Kansas Attorney General Derek Schmidt denied a request from the University of Kansas to ban guns in “sensitive areas” on campus in preparation for the state’s new campus carry law that will be implemented next year.
While Kansas State University has already unveiled their new policies to comply with the law, KU has theirs remaining under wraps and is set to make them public later this fall. Via the Lawrence Journal-World:
KU Chancellor Bernadette Gray-Little told the University Senate on Thursday that there are high-security labs and other areas on campus where firing a gun would be “disastrous” but that the attorney general has told KU it can’t make those places exceptions to state law.
KU and other state universities are currently drafting policies to implement a state law that requires allowing concealed guns on campus beginning in July 2017, with the exception of buildings with adequate security measures to keep all guns out, such as metal detectors or security guards.

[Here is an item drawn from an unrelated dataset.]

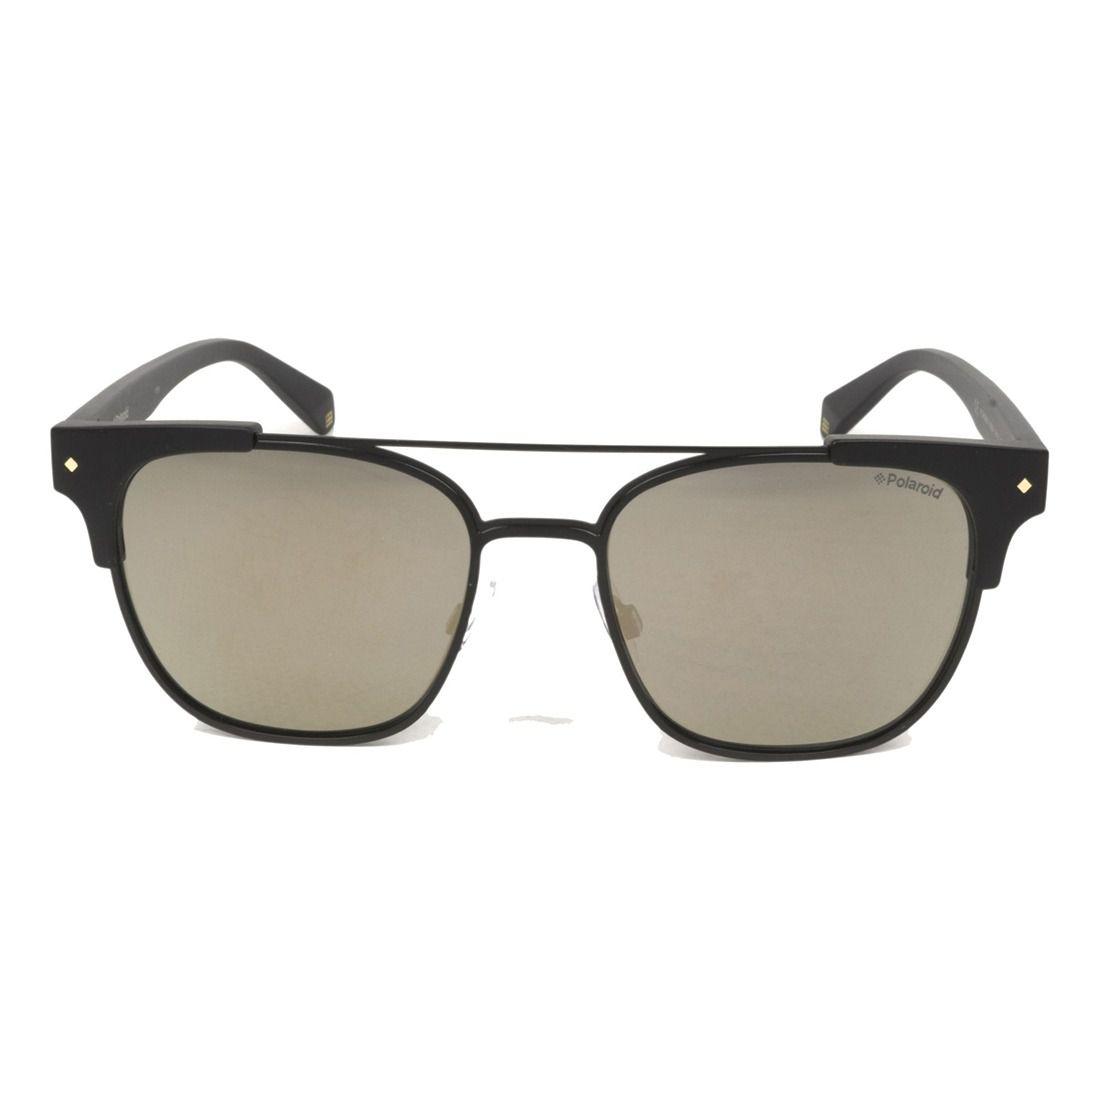 Óculos de Sol Polaroid Unissex PLD 6039 S X 003LM - Omega Ótica e ... b9e4d21135

Proposed policies have not yet been made public. The Kansas Board of Regents is slated to consider them at its October and November meetings.

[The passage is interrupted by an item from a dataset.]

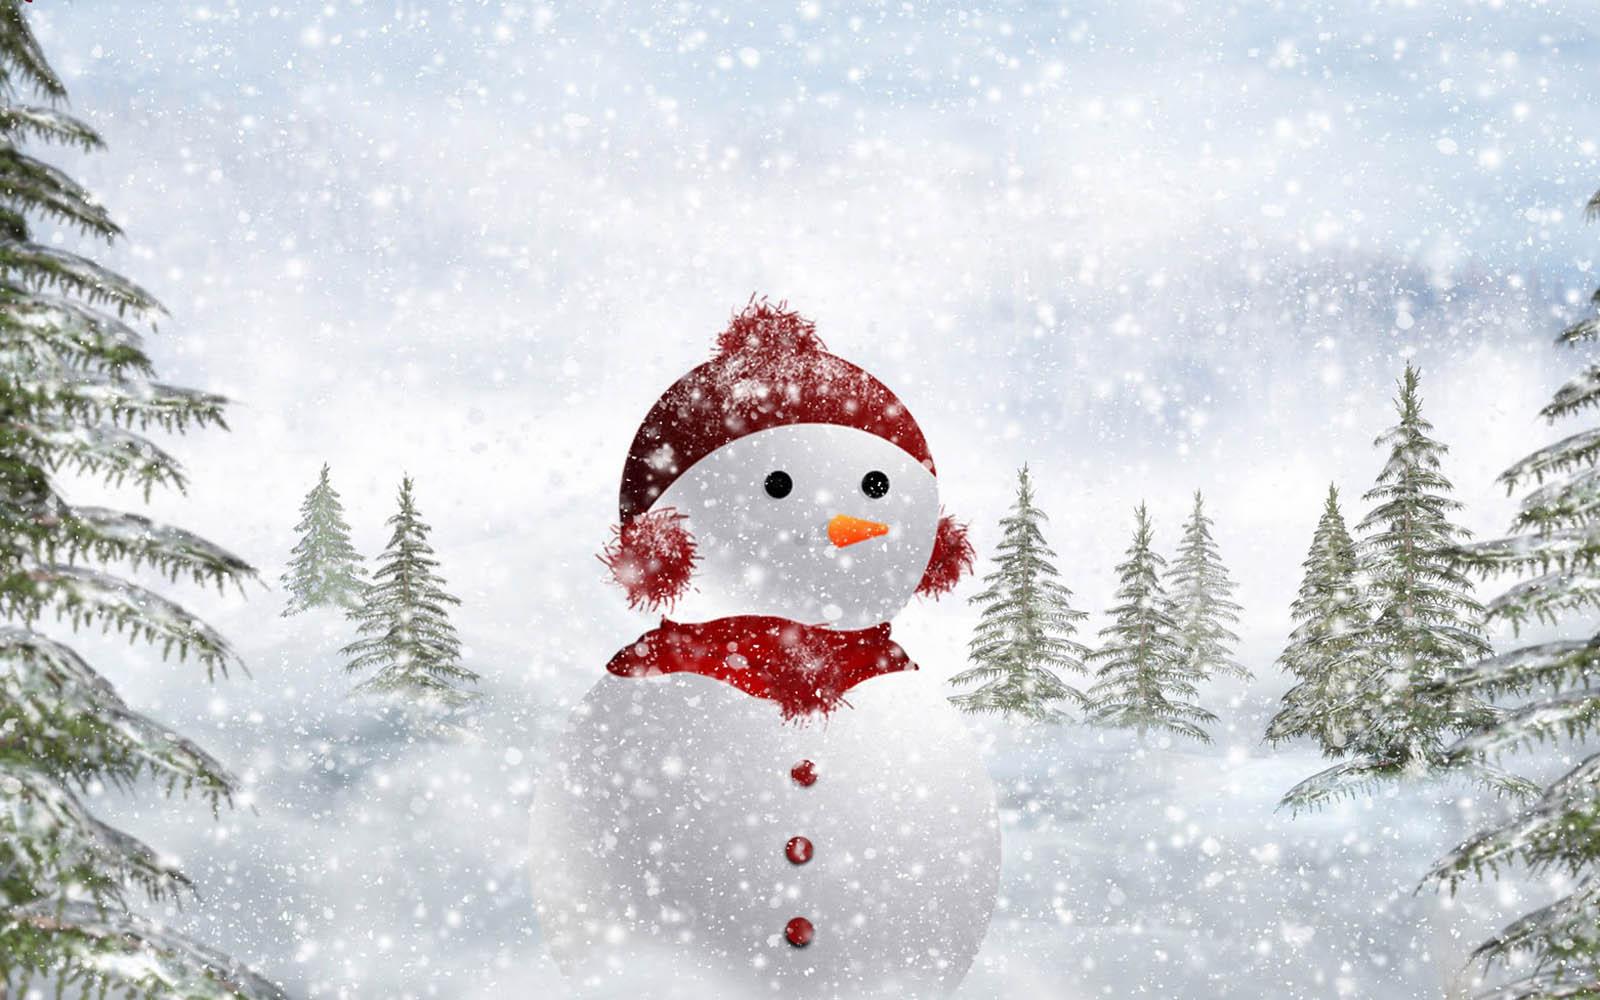 snowman desktop background - photo #2

In the meantime, a small committee of representatives from KU’s Lawrence and Medical Center campuses has been working on KU’s draft policy.
“In making the policy there were some things that we tried to include that had to have a review by the attorney general,” Gray-Little said. “We have not been given the go-ahead to include that,” she said of an effort to designate restricted areas, which has been suggested by a number of faculty members over the course of the past year.